Alat musik masyarakat Rote itu tergolong cordophone yang dimainkan dengan cara petik pada dawai yang terbuat dari kawat halus. Resonator Sasando terbuat dari daun lontar yang bentuknya mirip wadah penampung air berlekuk-lekuk. Susunan notasinya bukan beraturan seperti alat musik pada umumnya melainkan memiliki notasi yang tidak beraturan dan tidak terlihat karena terbungkus resonator.
Sasando dimainkan dengan dua tangan dari arah berlawanan, kiri ke kanan dan kanan ke kiri. Tangan kiri berfungsi memainkan melodi dan bas, sementara tangan kanan bertugas memainkan accord. Sasando di tangan pemain ahlinya dapat menjadi harmoni yang unik. Sebab hanya dari satu alat musik, sebuah orkestra dapat diperdengarkan. Sayang, Sasando ibarat masterpiece maestro yang terpendam dan nyaris punah. Alat musik luar biasa itu terancam tinggal cerita manakala di tempat asalnya sendiri telah menjadi sesuatu yang asing. Sasando memang menyimpan banyak kisah haru. Alat musik ciptaan dua pendeta asal Pulau Rote itu kini hanya dapat dipetik oleh delapan orang yang menjadi generasi terakhirnya.
Jacko H.A. Bullan boleh jadi merupakan salah satu generasi terakhir pewaris Sasando Rote. Anak pertama dari dua bersaudara itu tergugah untuk sadar dan bertahan memperpanjang umur Sasando agar dapat terus mengalun di telinga generasi mendatang. Menurutnya, orang yang bisa memainkan Sasando saat ini tinggal delapan orang termasuk dirinya. Dari jumlah itu, tiga orang di antaranya telah berusia di atas 30 tahun dan di NTT sendiri saat ini sudah tak ada satu pun yang bisa memainkan Sasando.
Fakta pahit yang ada di lapangan menyatakan bahwa orang tua-orang tua yang demikian bangga memainkan Sasando dalam berbagai upacara adat, lengkap dengan topi tilangga, pakaian, dan tarian adat, sebagian besar telah meninggal dunia. Mereka tidak meninggalkan warisan berupa buku atau sekolah yang bisa memandu generasi muda menjadi penerusnya.
Di ibu kota, Jack membuka rumahnya bagi siapa pun yang ingin belajar Sasando. Namun, ia kembali dihadapkan pada kenyataan pahit bahwa sebagian besar murid yang datang adalah justru warga negara asing.

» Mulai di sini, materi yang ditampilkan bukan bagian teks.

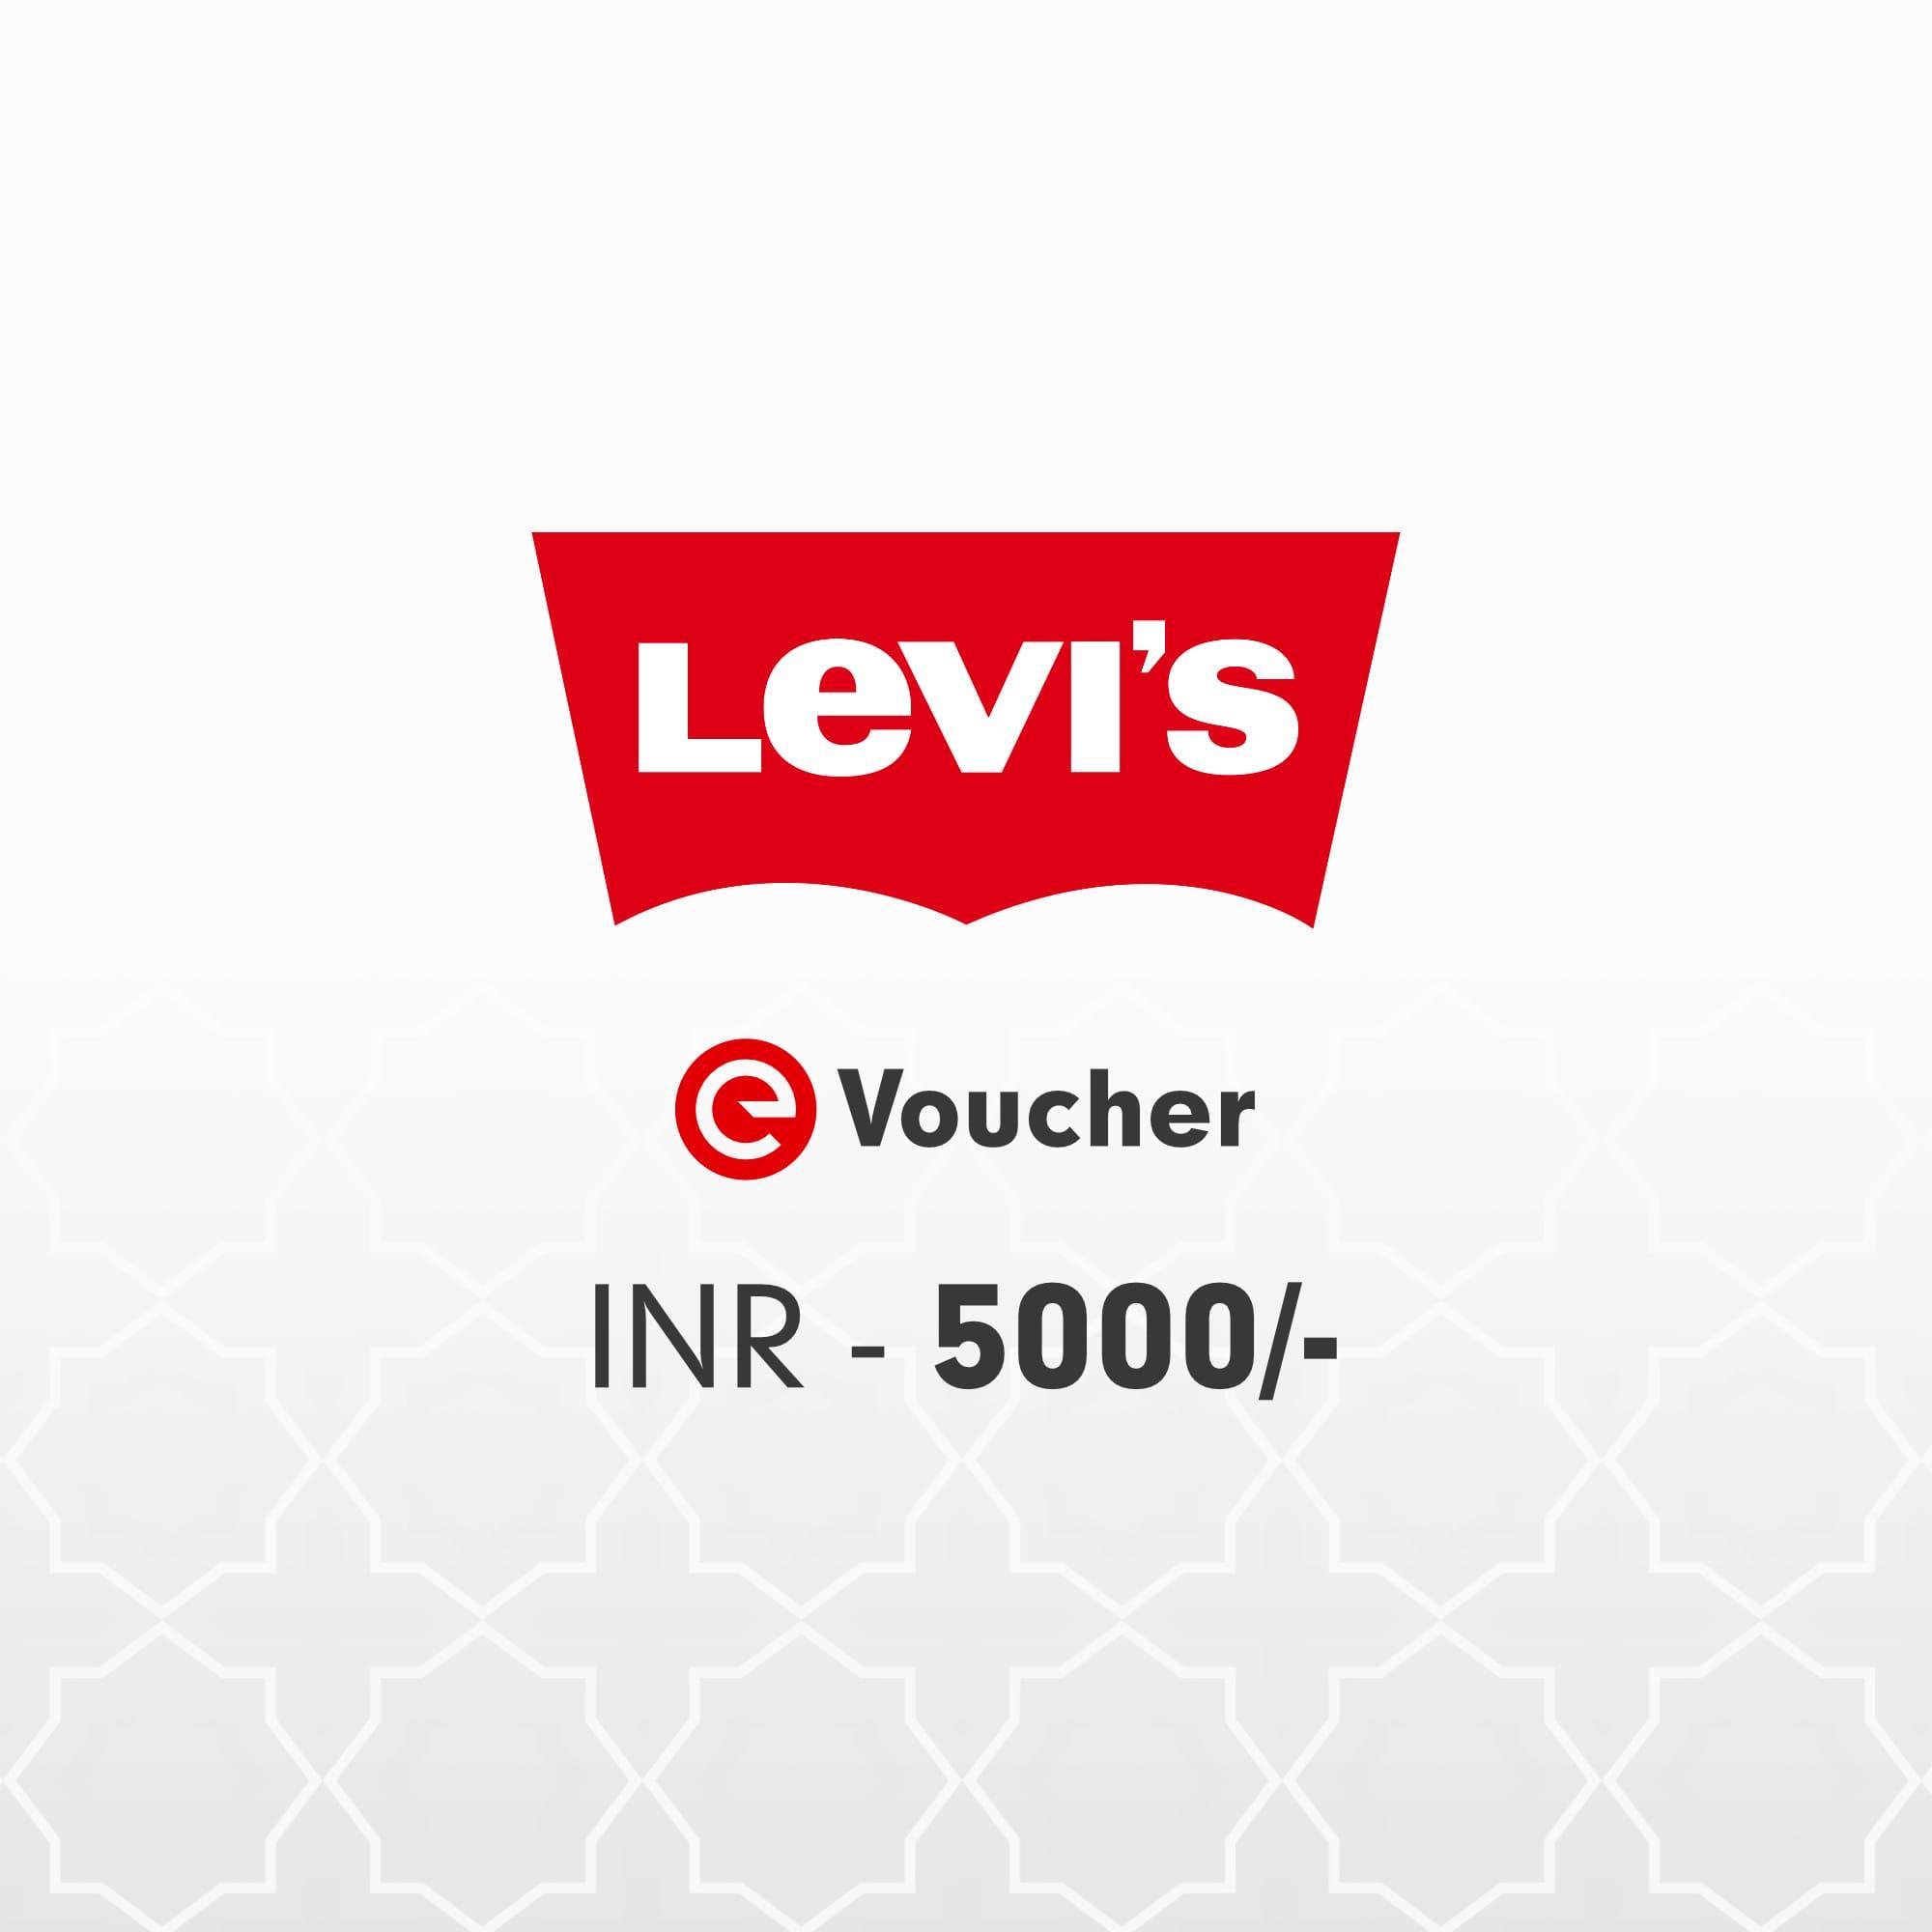 Levis E-Voucher Rs. 5000 | Levis Gift Cards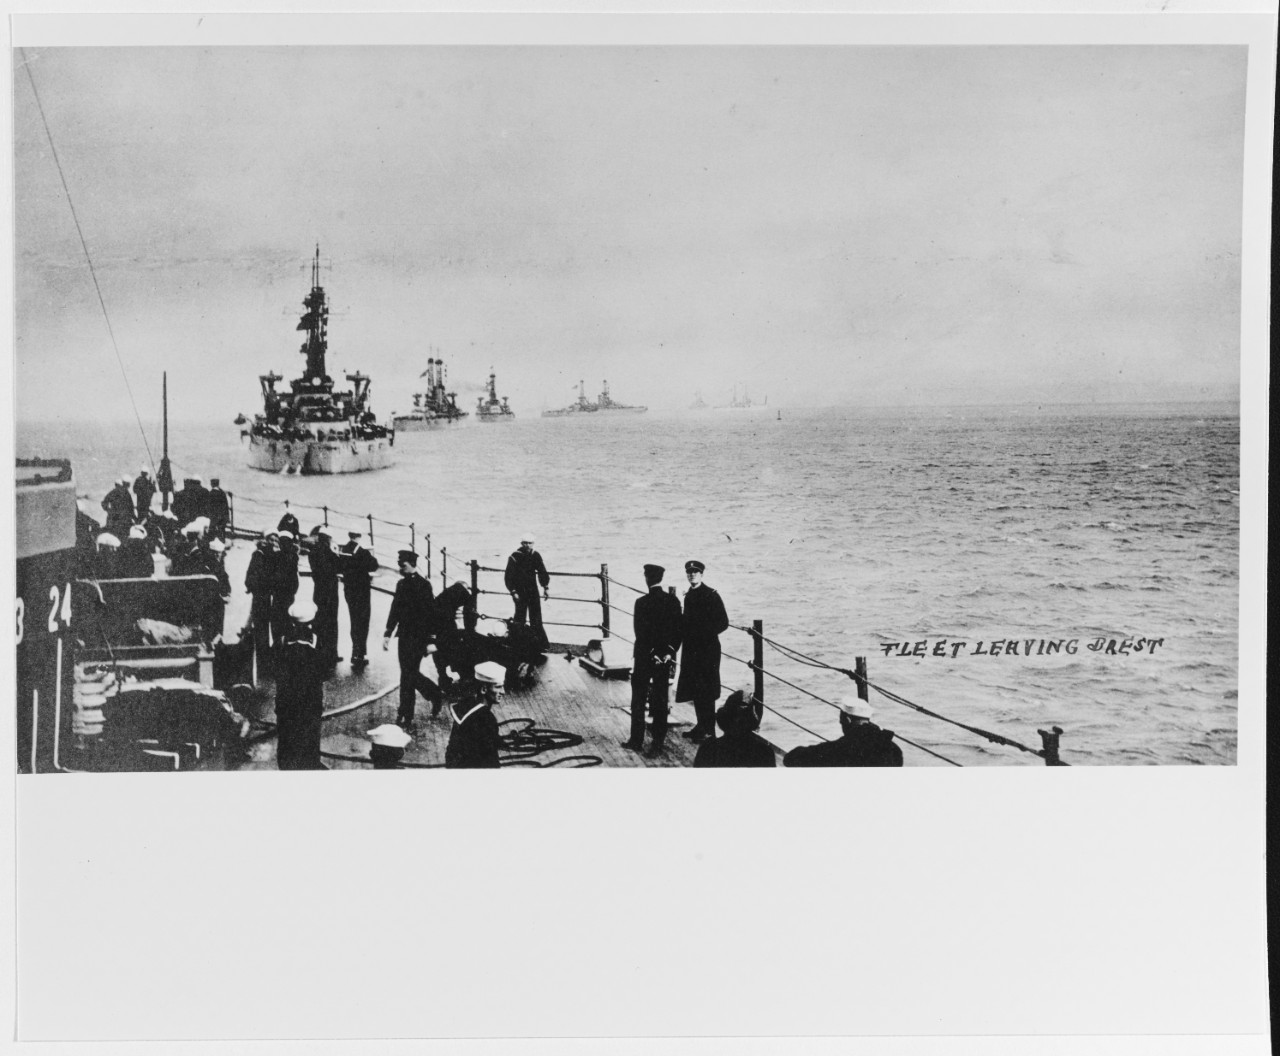 U.S. battleship fleet leaving Brest, France, 16 December 1918.

Jack mengatakan bahwa hampir 90 persen orang asing dari mulai Jepang hingga Australia yang menjadi muridnya. Ia menyayangkan bila suatu saat kelak bangsa Indonesia terpaksa harus belajar ke luar negeri untuk sekadar memetik Sasando.
Sementara itu, Direktur Promosi Luar Negeri, I Gde Pitana, mengatakan, Sasando merupakan salah satu hasil karya maestro seni tradisi yang potensial untuk “dijual” di dunia internasional. ”Semua orang yang mendengarkan musik Sasando hampir pasti tertarik,” katanya. Oleh karena itu, pihaknya kerap mengundang pemain Sasando untuk turut berpartisipasi dalam ajang “consumer selling” ke beberapa target pasar utama pariwisata Indonesia. ”Ini juga bagian untuk melestarikan Sasando dari ancaman kepunahan,” katanya. Dengan demikian Jacko H.A. Bullan tidak akan pernah menjadi generasi terakhir yang memetik dawai-dawai Sasando.